14 Jul / Sisters of the War: Two Remarkable True Stories of Survival and Hope in Syria by Rania Abouzeid [in School Library Journal]
Adapted from No Turning Back, award-winning Lebanese Australian journalist Rania Abouzeid narrows her focus here to younger characters forced to witness Syria’s decimation under President Bashar Hafez al-Assad.
In 2011, Hanin is 8, the middle of three sisters living in the “fringes” of Damascus. Although the family resides in an overcrowded slum, being Alawite – like Assad – suggests privilege. Nine-year-old Ruha is the oldest of three daughters in a Sunni Muslim (Syria’s majority) family in Saraqeb; her father’s participation in what should have been peaceful protests engenders devastating consequences. Both families will lose relatives, homes, country.
British Jordanian Lara Sawalha, like Abouzeid, is fluent in Arabic – Syria’s official language – ensuring a smooth, eloquent narration.

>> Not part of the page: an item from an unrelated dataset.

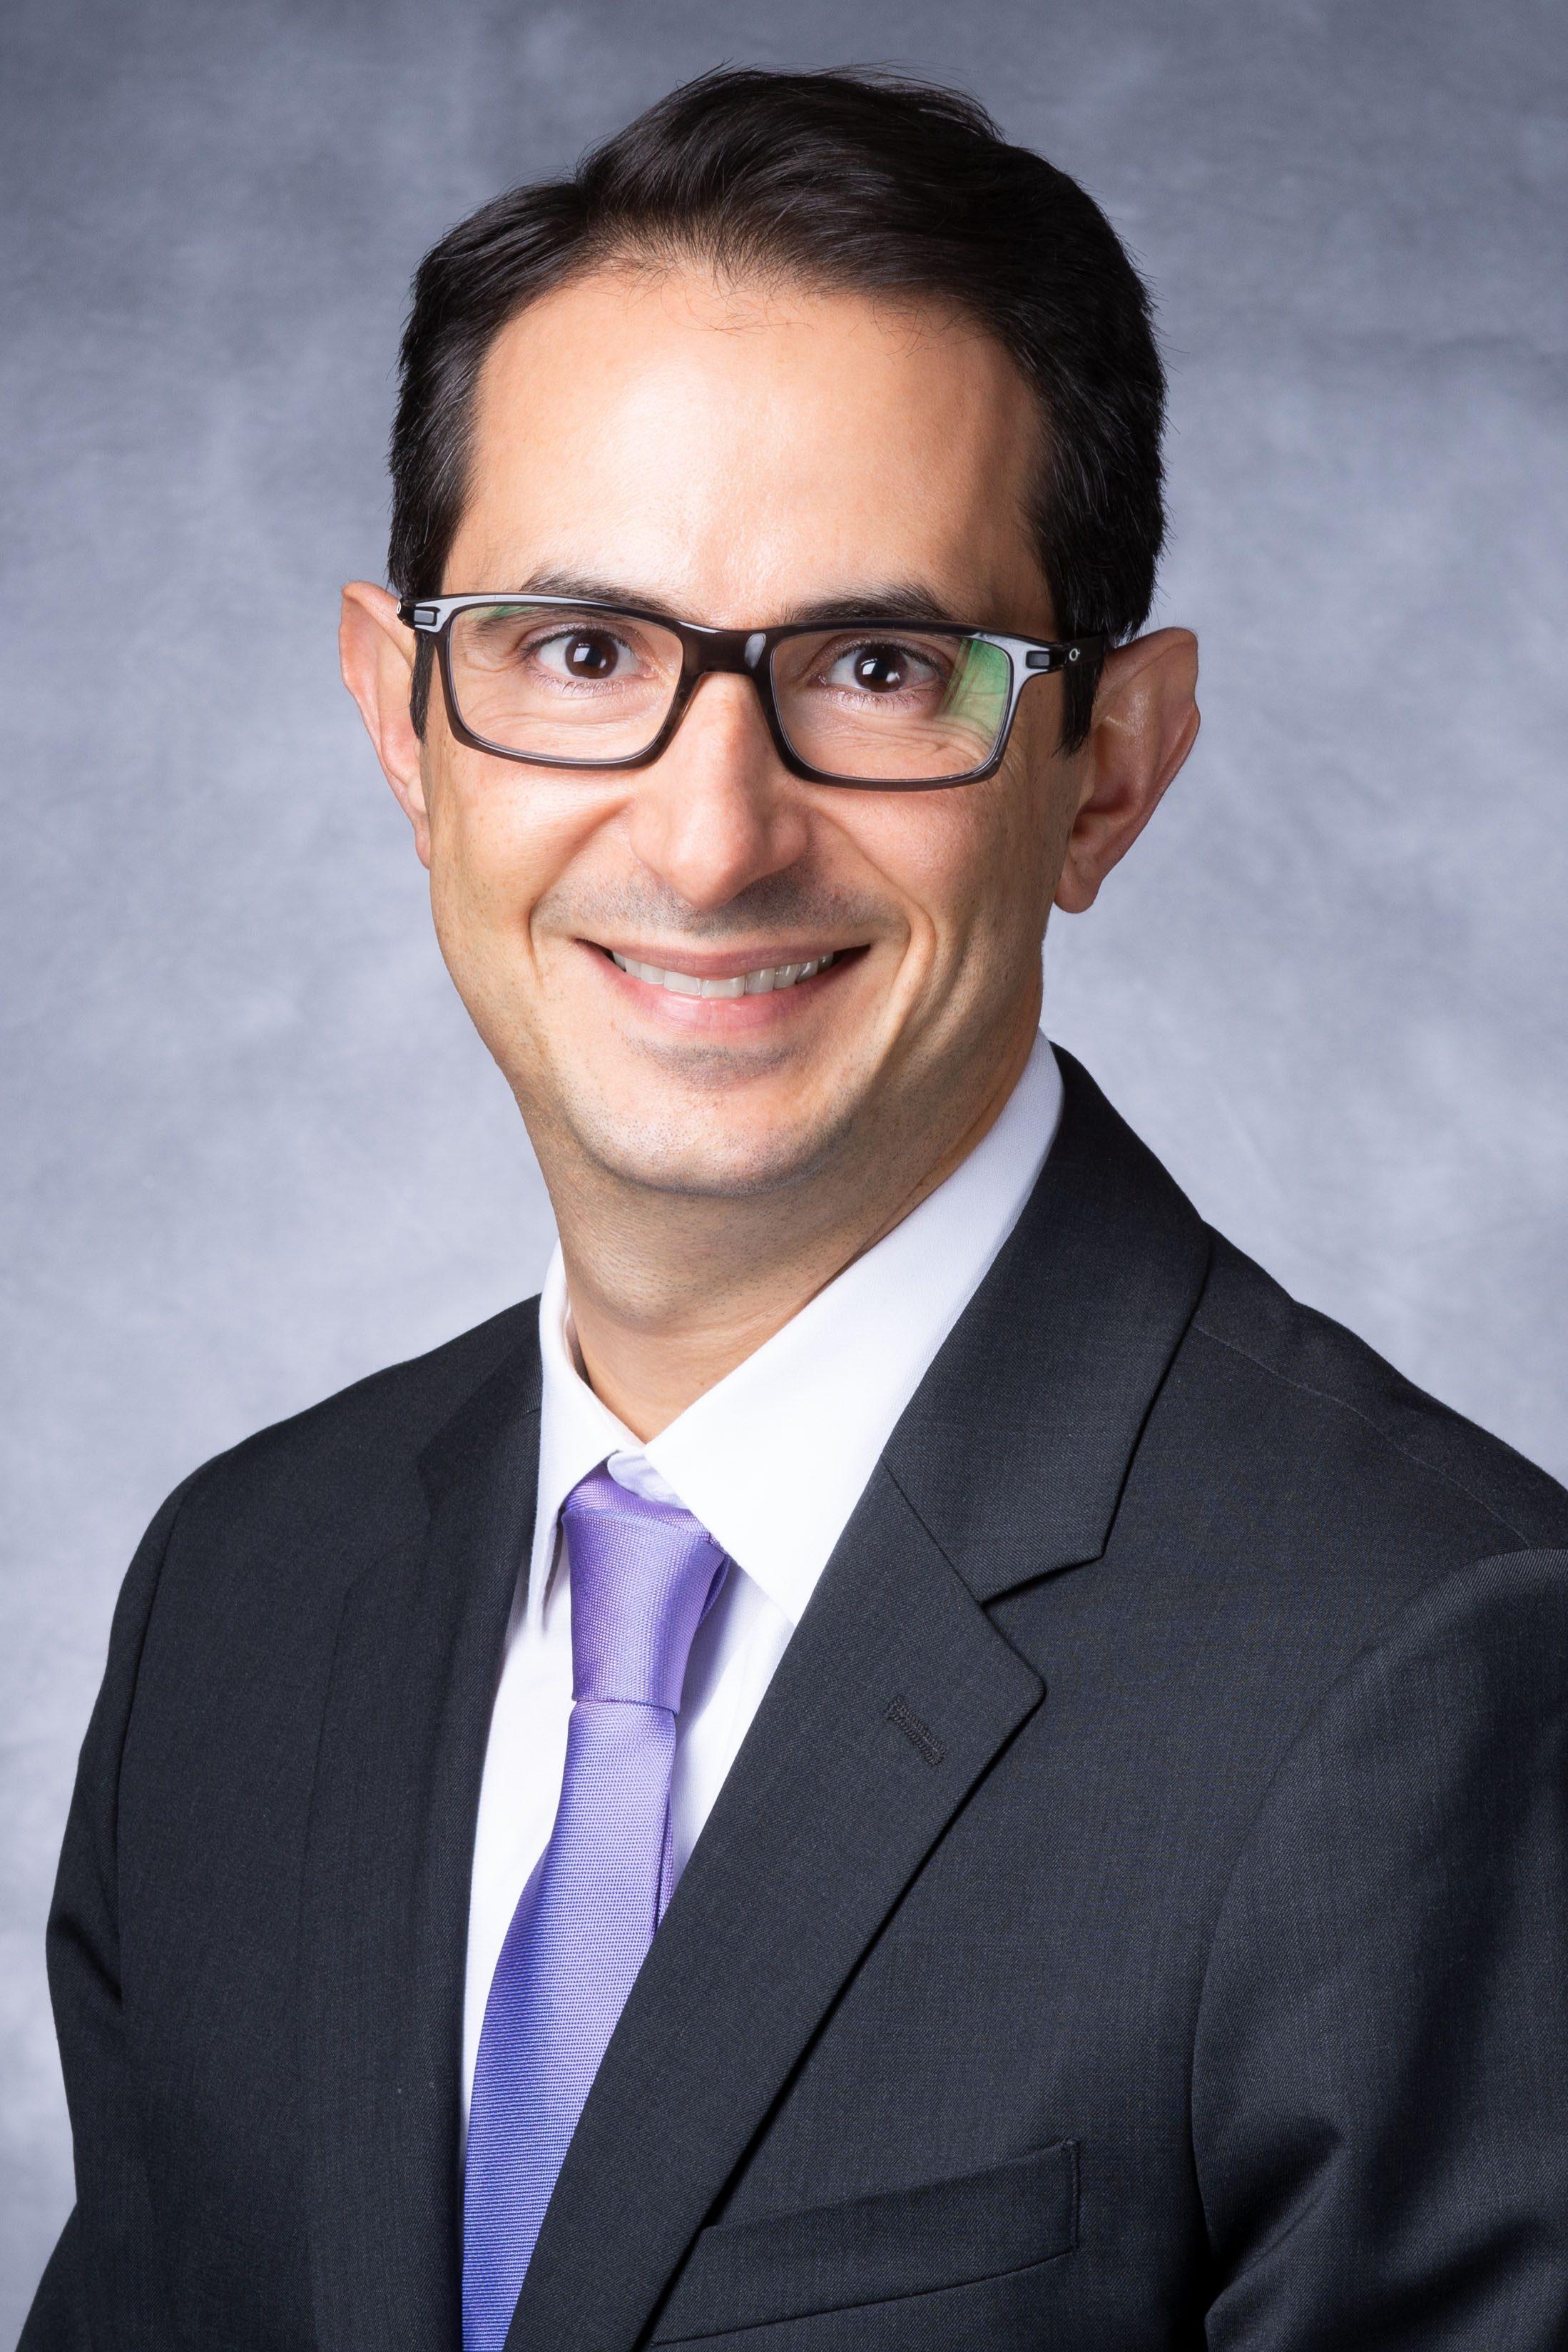 Hussein tawbi image

Without ever obscuring graphic tragedies, Sawalha’s gentle rhythmic cadence is ideally tuned for younger listeners learning about the horrors of war.
Verdict: Despite the difficult topic, Sawalha affectingly ciphers Abouzeid’s deeply compassionate testimony.
From the introduction: All the titles here are nonfiction; most feature difficult subjects including history, climate change, systemic racism. Some might ask, why expose younger readers to challenging, unpleasant, haunting truths? One of the featured writers, Hilary Beard, provides the consummate answer back in her introduction to The Burning:
“…the fact that something is upsetting to us doesn’t mean that we should not engage it. Facing the truth empowers us to understand our self, our neighbors, and our world more accurately; to make appropriate choices and decisions; to heal the past and present and build a more promising future. Together.”